§ **What is needed**:
Can you quote exactly the stretch of lines from the one with "This ice bucket" through the final line of the material, both ends included?

§ **Information shown**:
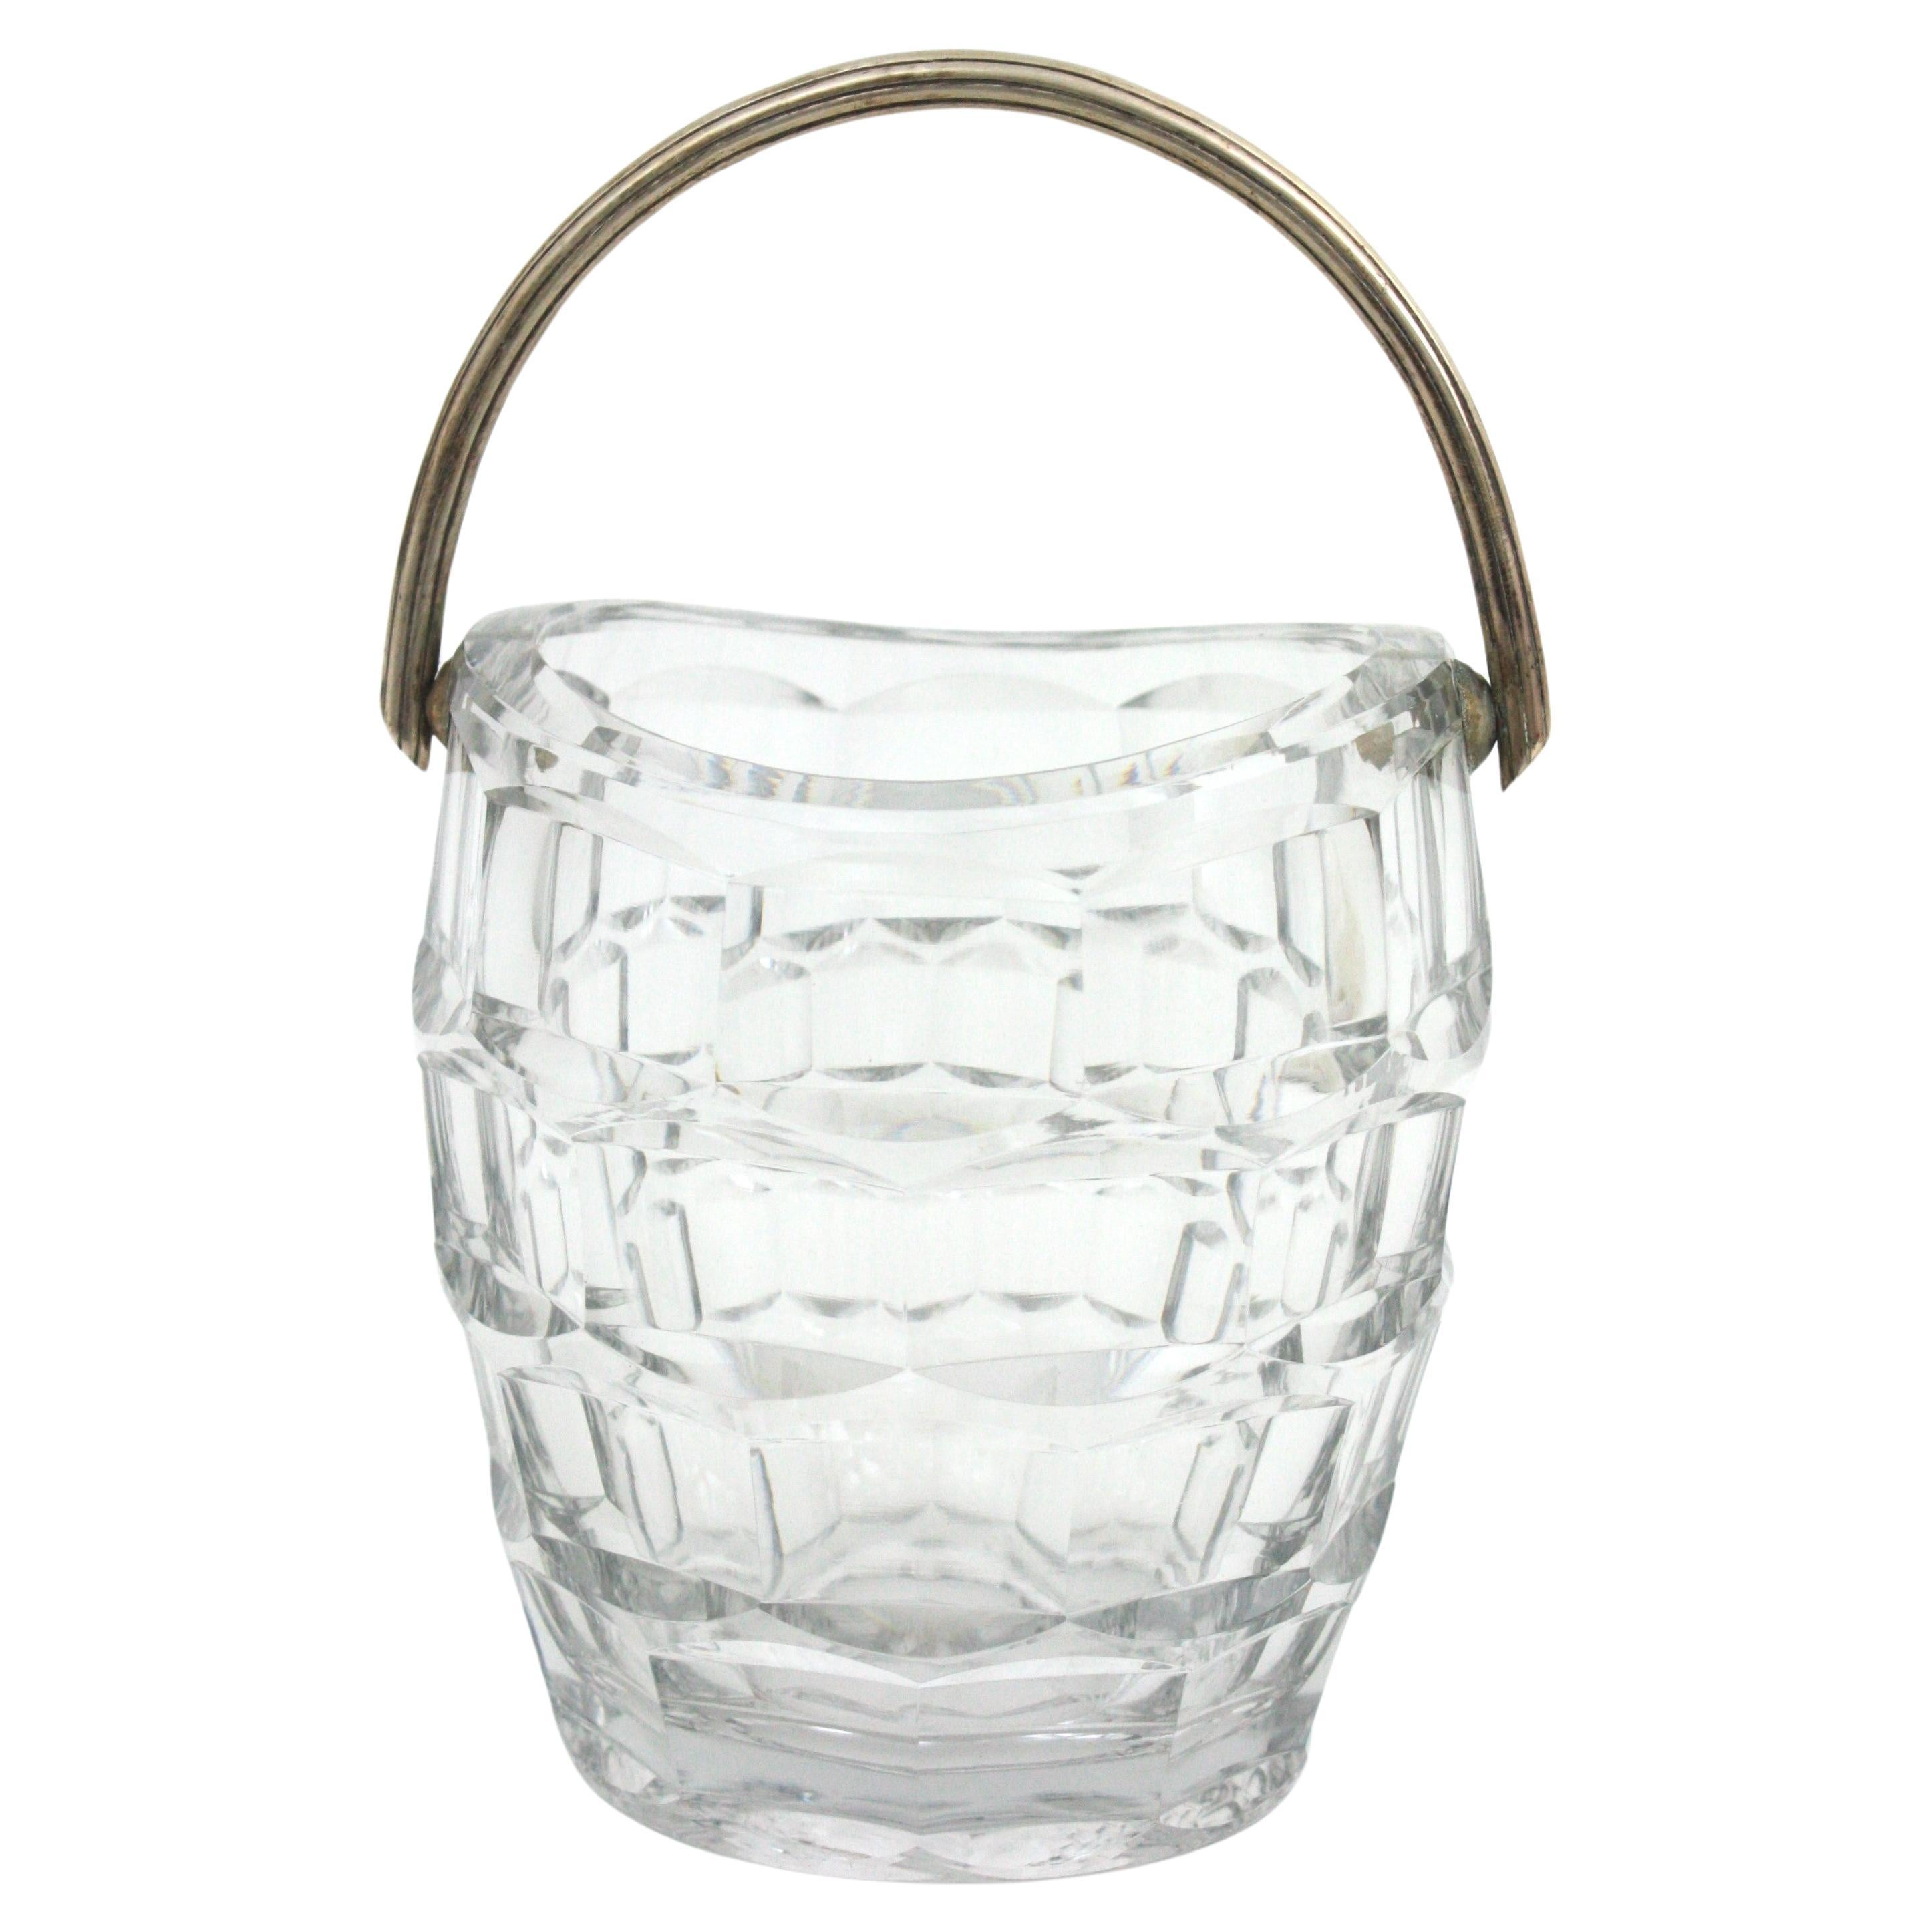 Baccarat Crystal and Sterling Silver Ice Bucket with single handle, France, 1950s
This ice bucket is comprised by a cut crystal container with sterling silver striped handle.
This sexy ice bucket will be a nice addition to your dinning table,

§ **Solution for this exercise**:
This ice bucket is comprised by a cut crystal container with sterling silver striped handle.
This sexy ice bucket will be a nice addition to your dinning table,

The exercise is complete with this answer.